Ce projet de loi, le Good Governance Integrity Reporting Bill, devra être présenté devant l’Assemblée nationale bientôt. S’il est adopté, ses dispositions seront effectives dès le début de l’année prochaine.

Essentiellement, ce qui va changer, c’est que des enquêtes pourront être initiées sur la base des richesses ostentatoires. Les politiciens ou hauts fonctionnaires qui achètent maisons, villas, campements, bateaux et voitures de luxe vont devoir justifier la provenance de leur fortune. S’ils en sont incapables, leurs biens seront saisis. Bien entendu, ils auront un droit d’appel auprès de la Cour suprême.

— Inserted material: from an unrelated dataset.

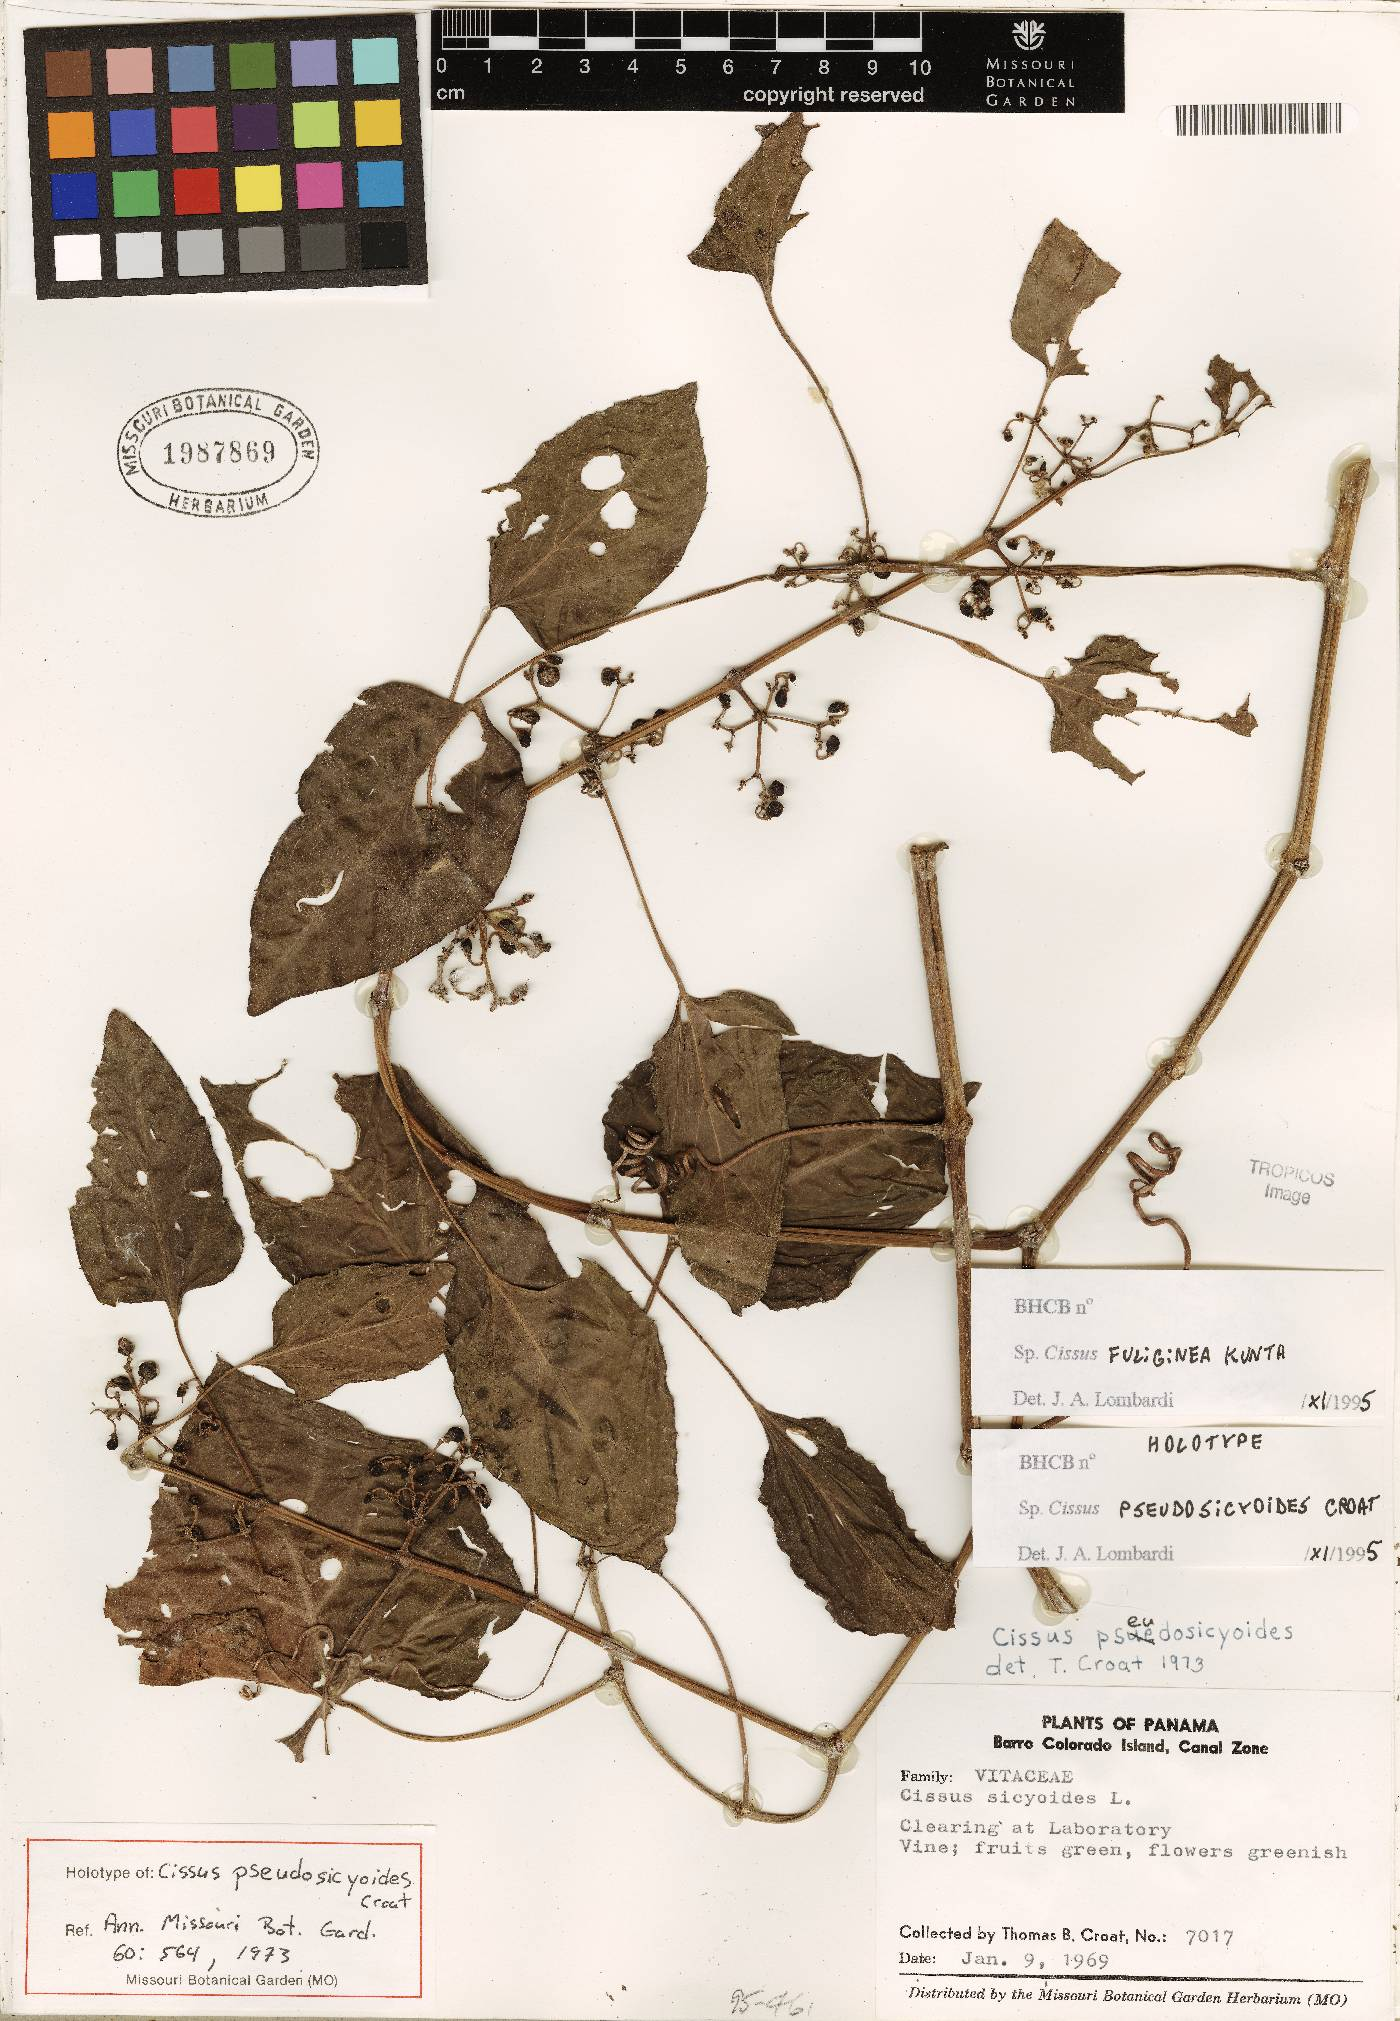 Cissus fuliginea image

Cette loi vient pallier une lacune souvent dénoncée de la loi anticorruption, la POCA. Dans l’état actuel de la législation, aucune enquête ne peut être initiée à l’encontre d’un individu même s’il fait étalage d’une richesse sans proportion aucune avec ses revenus déclarés. Car, l’ICAC n’a pas de mandat légal pour exiger des explications des individus soupçonnés d’avoir bâti des richesses sans lien avec leurs revenus légitimes. La commission ne peut agir que lorsqu’elle est déjà en présence d’indices de fraude. Actuellement, elle se retrouve impuissante face à des fortunes indécentes.

La nouvelle loi est une étape dans le combat pour la transparence de la vie publique. Mais il restera une autre anomalie à corriger. Il est temps d’amender la loi pour que les déclarations de patrimoine de tous les élus et grands commis de l’État soient rendues publiques.

Il existe un «Declaration of Assets Act» dans notre arsenal législatif depuis 1991 mais dans la pratique il ne sert à rien. La déclaration des avoirs d’un grand nombre de personnes est déposée dans un tiroir à l’ICAC sans que le public ait le droit de la consulter. Cette déclaration reste secrète en raison d’un imbroglio légal que les anciens dirigeants ont maintenu, à dessein ou pas. Pour une transparence totale, il faut lever ce voile également.